Verifying Peephole Rewriting In SSA Compiler IRs (2407.03685v1)

Published 4 Jul 2024 in cs.PL and cs.LO

Abstract: There is an increasing need for domain-specific reasoning in modern compilers. This has fueled the use of tailored intermediate representations (IRs) based on static single assignment (SSA), like in the MLIR compiler framework. Interactive theorem provers (ITPs) provide strong guarantees for the end-to-end verification of compilers (e.g., CompCert). However, modern compilers and their IRs evolve at a rate that makes proof engineering alongside them prohibitively expensive. Nevertheless, well-scoped push-button automated verification tools such as the Alive peephole verifier for LLVM-IR gained recognition in domains where SMT solvers offer efficient (semi) decision procedures.
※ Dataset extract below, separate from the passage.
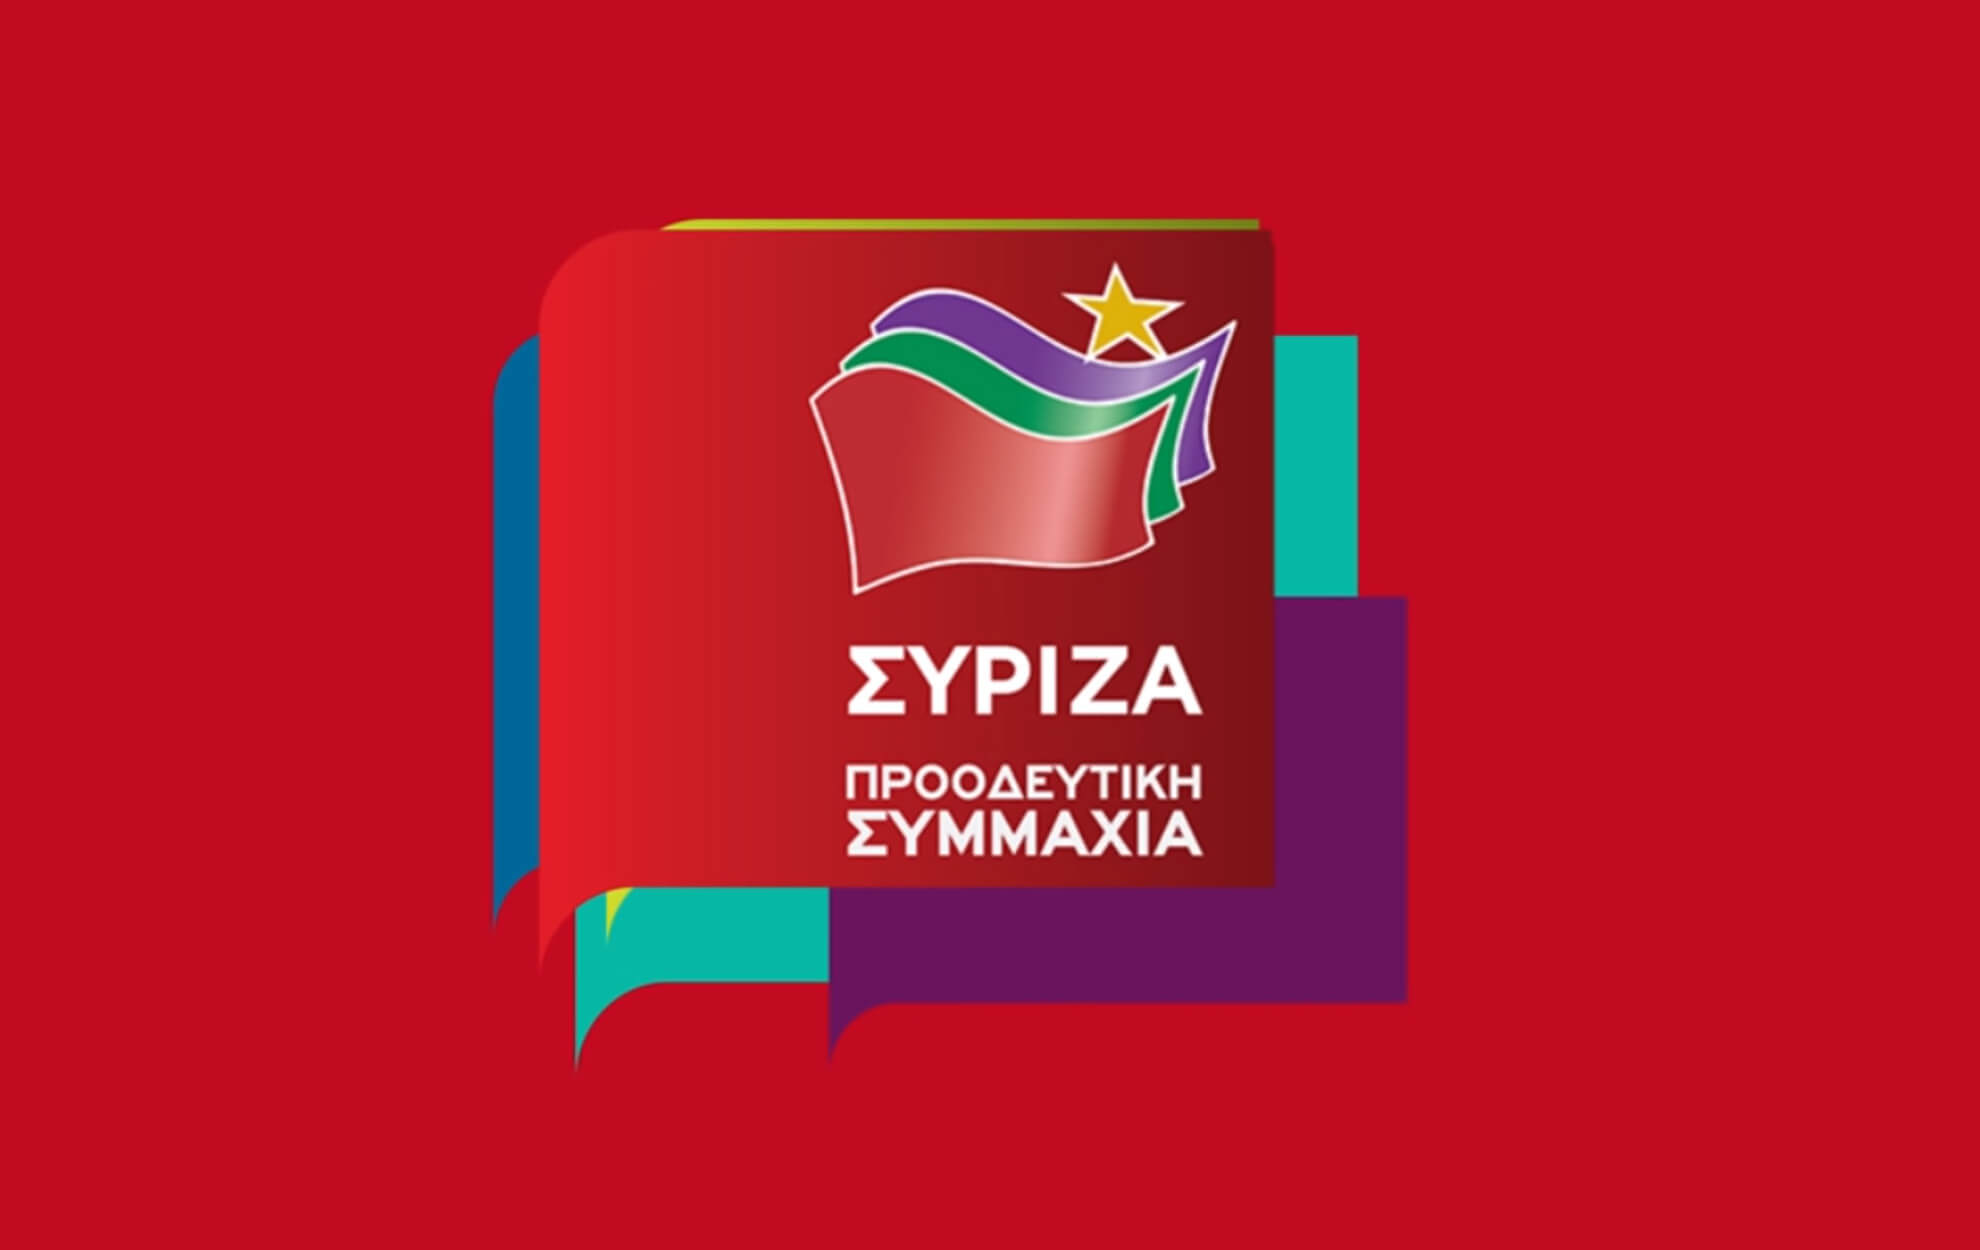 Δημοτικές εκλογές 2019: Μαζικό “άκυρο” στον ΣΥΡΙΖΑ από υποψηφίους που… πήραν τη στήριξή του

In this paper, we aim to combine the convenience of automation with the versatility of ITPs for verifying peephole rewrites across domain-specific IRs. We formalize a core calculus for SSA-based IRs that is generic over the IR and covers so-called regions (nested scoping used by many domain-specific IRs in the MLIR ecosystem). Our mechanization in the Lean proof assistant provides a user-friendly frontend for translating MLIR syntax into our calculus. We provide scaffolding for defining and verifying peephole rewrites, offering tactics to eliminate the abstraction overhead of our SSA calculus. We prove correctness theorems about peephole rewriting, as well as two classical program transformations. To evaluate our framework, we consider three use cases from the MLIR ecosystem that cover different levels of abstractions: (1) bitvector rewrites from LLVM, (2) structured control flow, and (3) fully homomorphic encryption. We envision that our mechanization provides a foundation for formally verified rewrites on new domain-specific IRs.

Authors (5)

Siddharth Bhat (9 papers)
Alex Keizer (1 paper)
Chris Hughes (5 papers)
Tobias Grosser (21 papers)
Andrés Goens (5 papers)

Summary

Verifying Peephole Rewriting in SSA Compiler IRs

The paper "Verifying Peephole Rewriting in SSA Compiler IRs," authored by Siddharth Bhat, Alex Keizer, Chris Hughes, André Goens, and Tobias Grosser, addresses the increasingly complex domain-specific reasoning required in modern compilers and presents a well-defined approach for verifying peephole rewrites using intermediate representations (IRs) based on Static Single Assignment (SSA).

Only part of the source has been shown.